What, she asks, is the point of lifelong learning? Is it about social justice, creating active citizens? Or is it more about socio-economic transition, a kind of skills- and confidence-based learning? Some scholars adhere to a social movement model, in which people come together to address an urgent local social concern. For older Black women, this could take the form of considering a “lost role beyond the home”. Or, is lifelong learning part of a socially progressive movement? This seems to be the model that Etienne favours. As she puts it, this model requires a commitment to challenging education systems, being actively committed to social and institutional change.
Learning in Womanist Ways is a feminist project, incorporating black feminism, womanism, Afrocentric feminism, and Africana womanism. “Taken together” she maintains that “these construct a different reality and a distinct way of gathering information about the lives of groups of black women”. More critically, she argues that this approach also “moves the debate away from the intersectional categories identified by [other] British scholars that potentially encourage deficit models through their negative connotations”. She uses a beautiful phrase throughout the book: “multiple, polyrhythmic realities” . So far, I may be giving you the impression that Learning in Womanist Ways is an innovative, feminist text but otherwise composed much like other academic books. Not so. The reason I loved this book so much is because Etienne not only summarises and analyses the “data” she collects through talking with these older West Indian women, but she also invites us into the room, allowing us to hear their voices. Much of the book is composed of dramatized acts, presented in a West Caribbean theatrical manner. She begins each chapter by setting the scene for each of the “acts”, and then lets the women tell their stories, with short “asides” from herself. We hear their colloquialisms, grammar, Creole patois. They tease and challenge; reminisce and laugh. They get angry.
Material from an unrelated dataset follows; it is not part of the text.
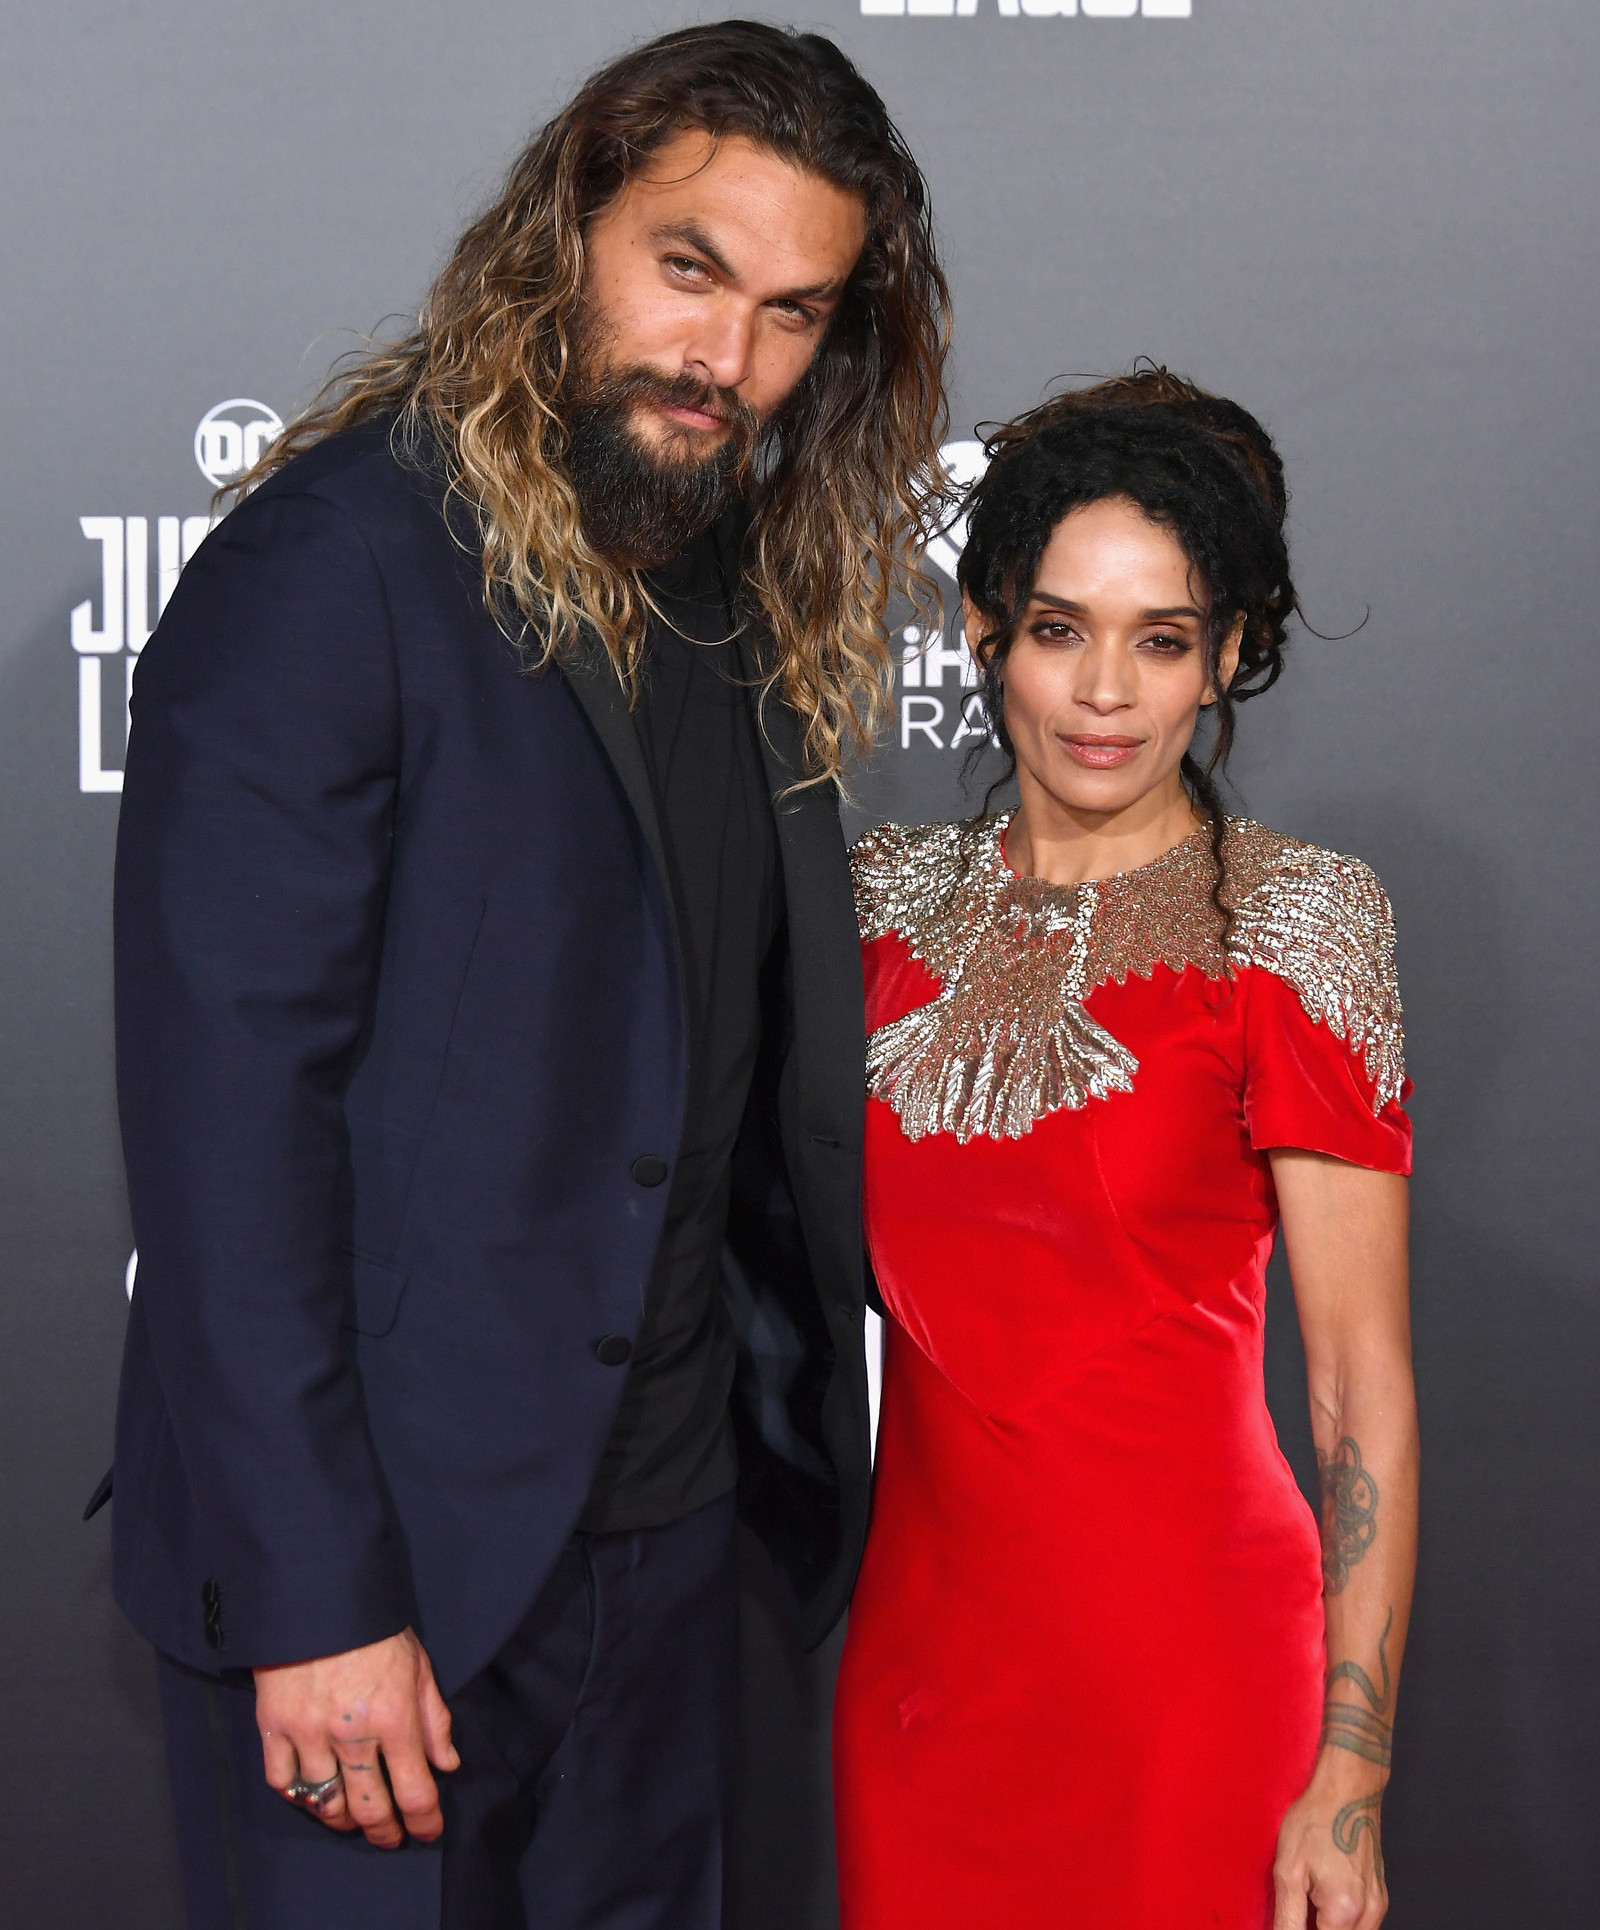 "Jason embodies a rare form of masculinity in this day and age – he’s a leader; he’s generous. Just in terms of charisma, physique, the right use of power, responsibility, work ethic, you can go down the line.” - Lisa Bonet Says She Was Able To Appreciate Jason Momoa More Because Of Her Absent Father

Only someone with Etienne’s skills and empathy could successfully do this project. She is greatly loved. The reasons are clear: she is a brilliant and empathetic teacher, a generous listener. She is funny. She is inexhaustible in fighting for the rights of others.
Etienne retired from Birkbeck on 31 October 2017 - but is still active in our community. She is simply one of Birkbeck’s finest champions. In the words of one of the women she interviewed, “Keep the spirit of the carnival alive!”
We are thrilled to welcome Dr Jan Etienne to a Fellowship at Birkbeck, where she can continue to keep it alive.